Америка изначально строилась как земля обетованная для всех апостасийных идей, которым мешала национально-консервативная Европа. Даже прикосновение к религиозно-философскому фундаменту общественного сознания поражает, до какой степени англосаксонское, особенно американское государственное мышление пронизаны ветхозаветным мессианизмом, начиная с Бэнджамина Франклина – потомственного кальвиниста. Любопытно, что Франклин, проведший с дипломатической миссией девять лет в пригороде Парижа, имел огромный успех во Франции у идеологов революции, либерализма и борцов с христианской церковью – масонов Мореллэ, Кабаниса, Мирабо, кружка Гельвеция.

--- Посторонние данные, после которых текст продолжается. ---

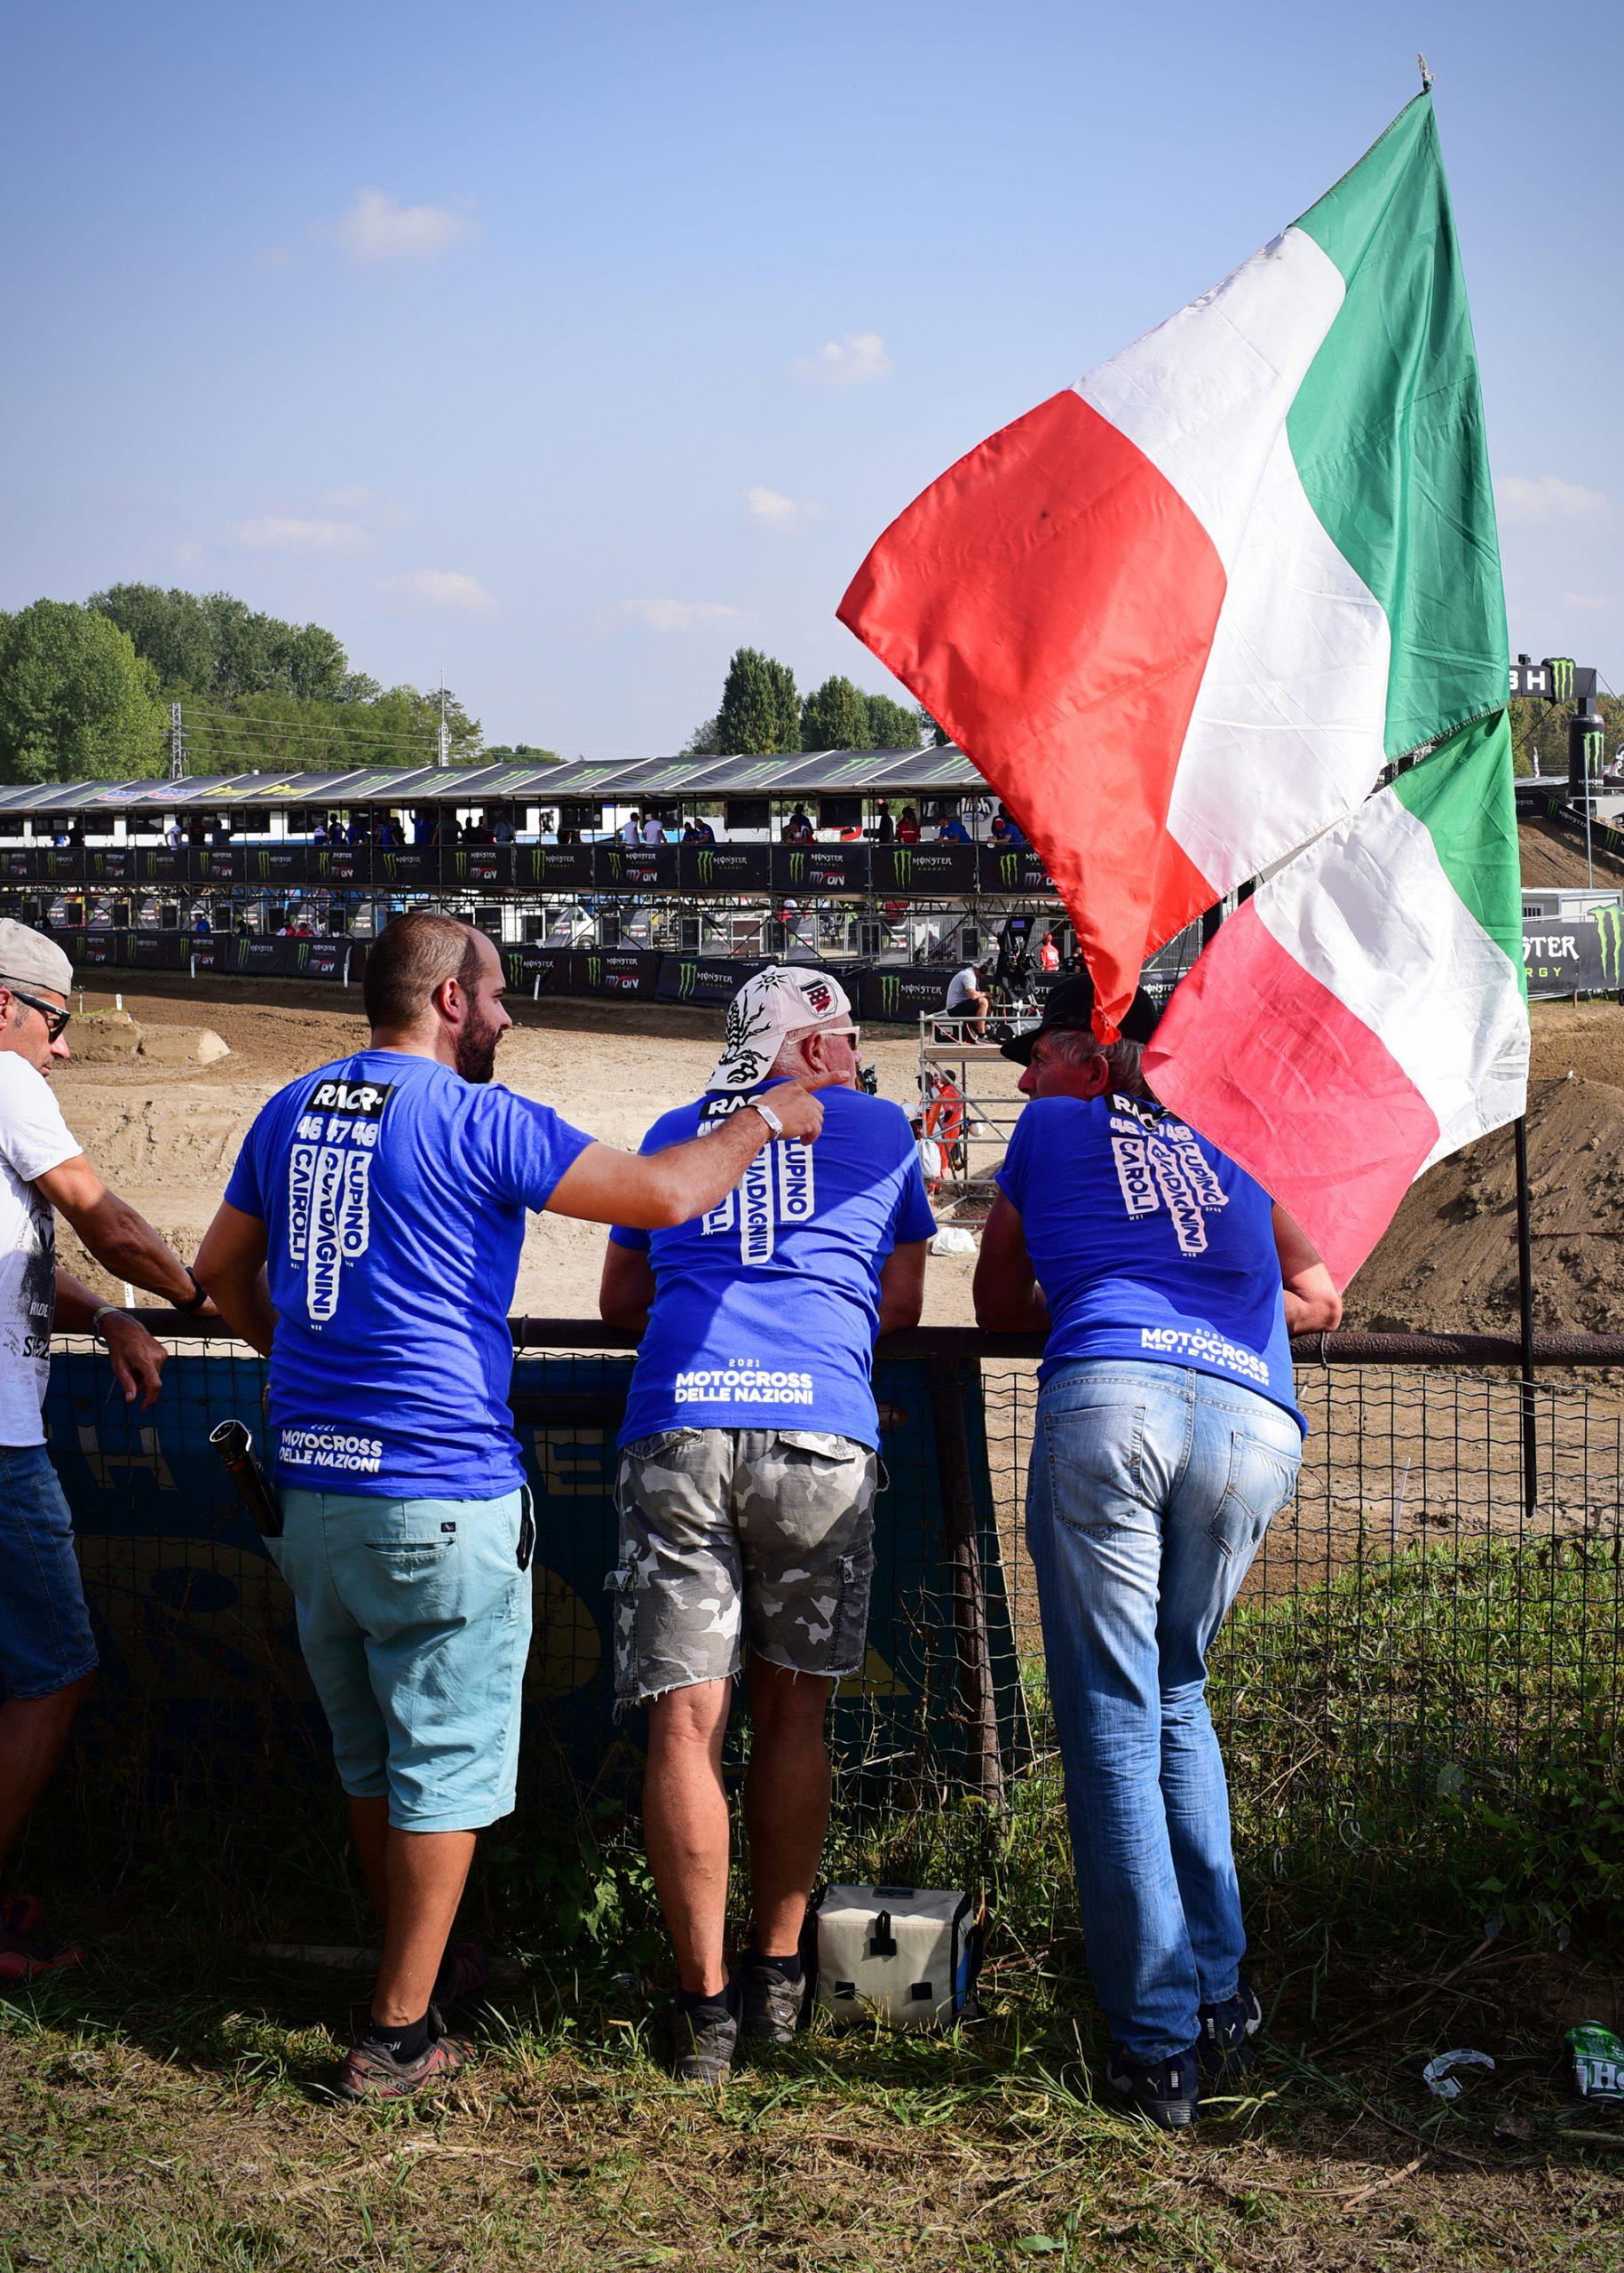 Italian Moto Fans at Mantova

Франклину – не окончившему даже «школы письма и арифметики» самоучке, типографскому рабочему и доморощенному философу – рукоплескали образованнейшие представители высокой европейской культуры. Ему, мелочному до карикатуры буржуа, ежедневно записывавшему любые расходы, а также педантично отмечавшему в «реестре добродетелей» свои «хорошие» и «плохие» поступки, пел гимны аристократ и распутник Мирабо. Что как не узы тайного братства и совместные всемирные проекты связывали столь разных «друзей человечества»? Североамериканские Штаты расценивались ими первым воплощением этих идей. Описание траурных ритуалов по кончине Франклина указывает на характер тех уз, что связывали кальвиниста и архитекторов мирового порядка во Франции. Братья Гонкуры рассказывают: «По случаю смерти Франклина «друзья революции и человечества», собравшиеся в кафе Прокоп., покрывают крепом все люстры, затягивают черным второй зал, пишут на входной двери: «Франклин умер»; увенчивают дубовыми листьями, окружают кипарисами его бюст, под которым можно прочесть: «Vir Deus» (Богоподобный муж), украшают его символическими аксессуарами – глобусами, картами, змеями, кусающими свой хвост.»

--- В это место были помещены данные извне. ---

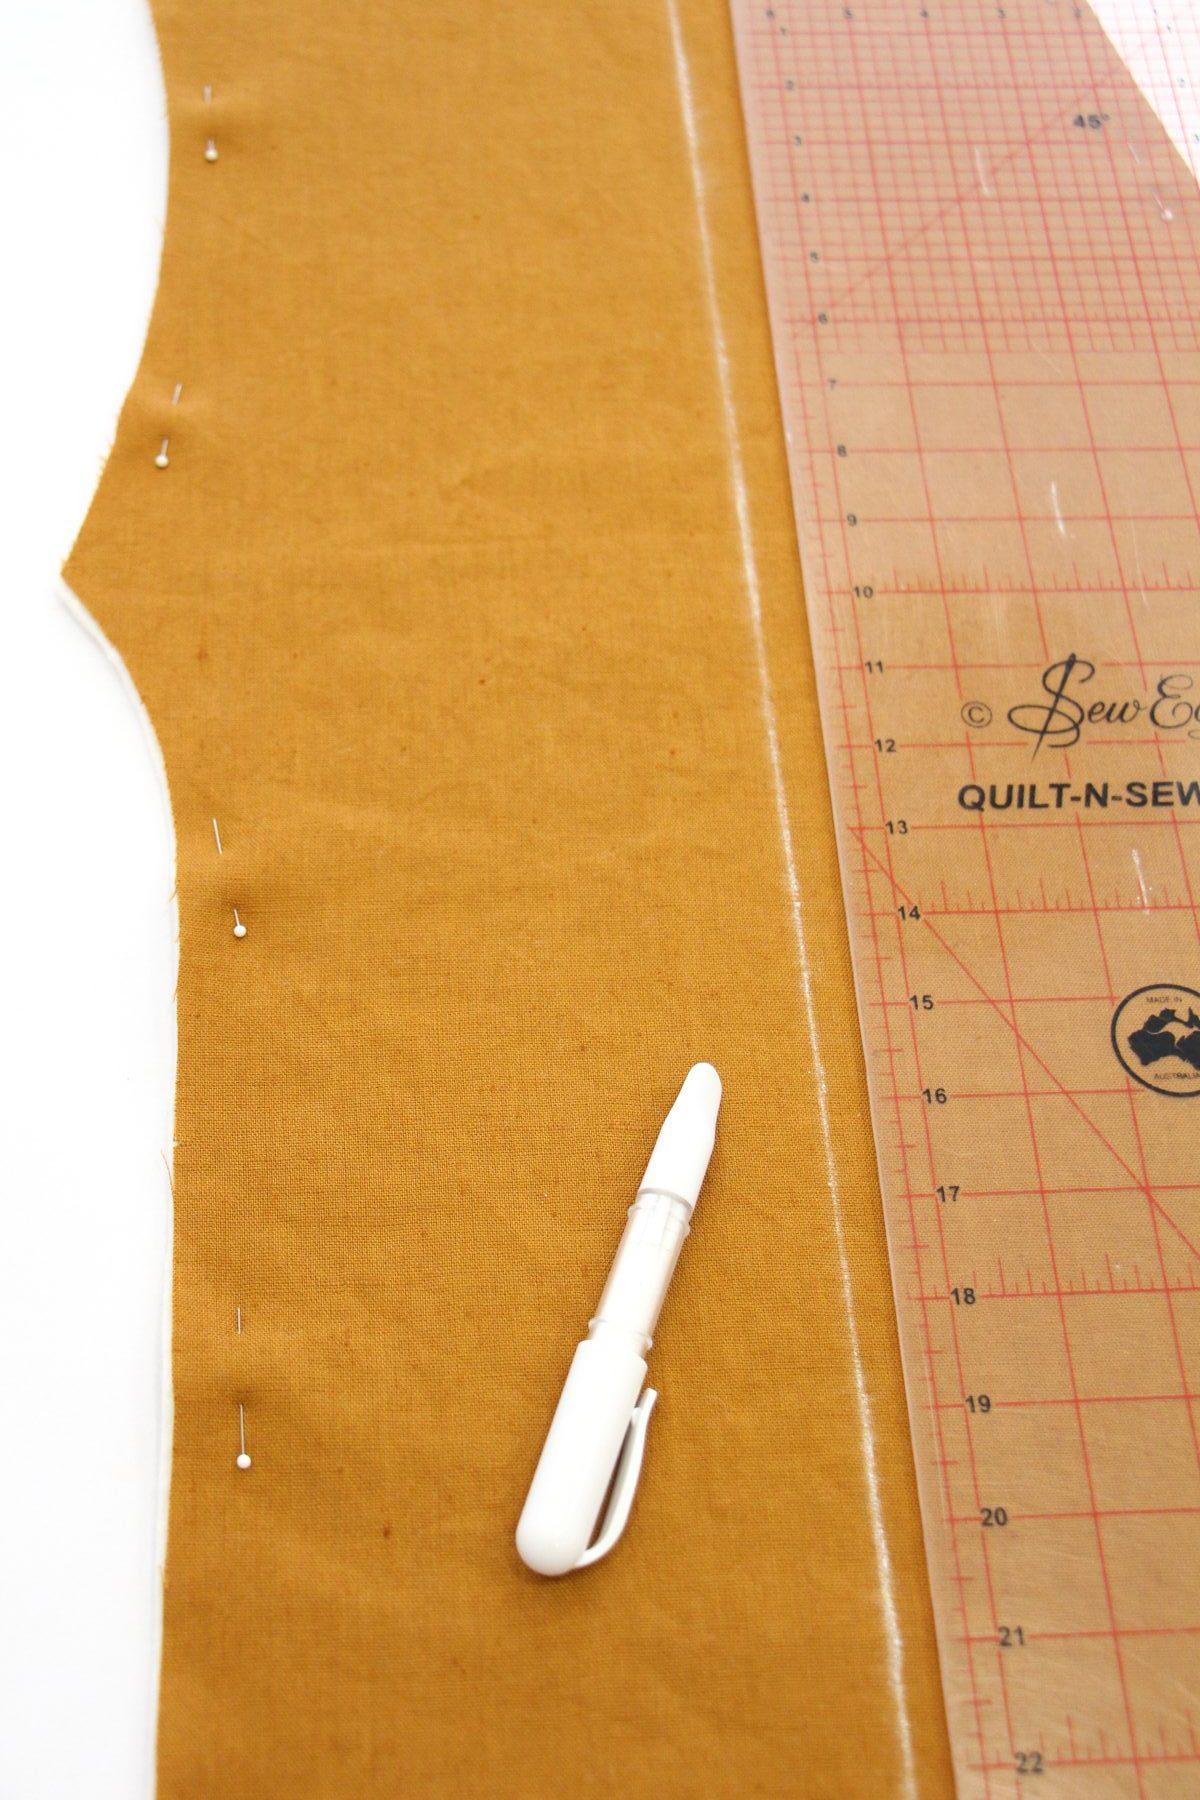 Megan Nielsen Patterns | Hovea Sewalong: Quilting Prep | Marking Your Grainline With Chalk

Похоже, неслучайно предреволюционная Франция возвела Франклина на высокий пьедестал «крестного отца будущих обществ». Кипящие ненавистью к «национальной реакции» «друзья человечества» видели в Америке претворение в жизнь на чистой доске систем Руссо и Монтескье. Не обошлось здесь и без патриарха вольнодумства – Вольтера. «Влияние Вольтера было неимоверным, – писал в 1934 г. А.С.Пушкин. – Европа едет в Ферней на поклон. Вольтер умирает, благословив внука Франклина и приветствуя Новый Свет словами дотоле неслыханными». Для встречи с американцем, обставленной с необычайной пышностью, восьмидесятичетырехлетний Вольтер в 1778 г. сам специально прибыл из Фернея в Париж и возложил на его голову руки со словами: «God and Liberty» («Бог и свобода»). Может быть, уже тогда самые «просвещенные» и посвященные умы и дирижеры мировых проектов торжественно передали «вырванный у тиранов скипетр» атлантическому пресвитеру?

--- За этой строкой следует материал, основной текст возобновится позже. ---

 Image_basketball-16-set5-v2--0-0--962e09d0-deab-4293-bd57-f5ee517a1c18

Вебер писал о большей по сравнению с другими христианскими конфессиями способности пуританских народов, в частности, американцев, «абсорбировать еврейских прозелитов» – то есть евреев, «охотно» превращающихся в настоящих американцев. Вебер отмечает это свойство американцев, «что не удавалось народам с другой религиозной ориентацией», как доказательство отличия пуританского ветхозаветного духа от иудейского, не допускающего прозелитов. Но дело, скорее, вовсе не в самих американцах. Ведь объятия Христа открыты для любого принимающего Его Откровение везде, и после принятия Христовой Истины, для Бога нет ни эллина, ни иудея. Однако неслучайно эти «прозелиты» в начале ХХ в. избрали именно Америку как перспективный плацдарм. Кроме них, туда стекались и революционеры-атеисты всех мастей. Значит, из всего христианского мира Америка была наилучшим местом для тех, кто изначально отверг Христа или отступил от Него. Почему это так?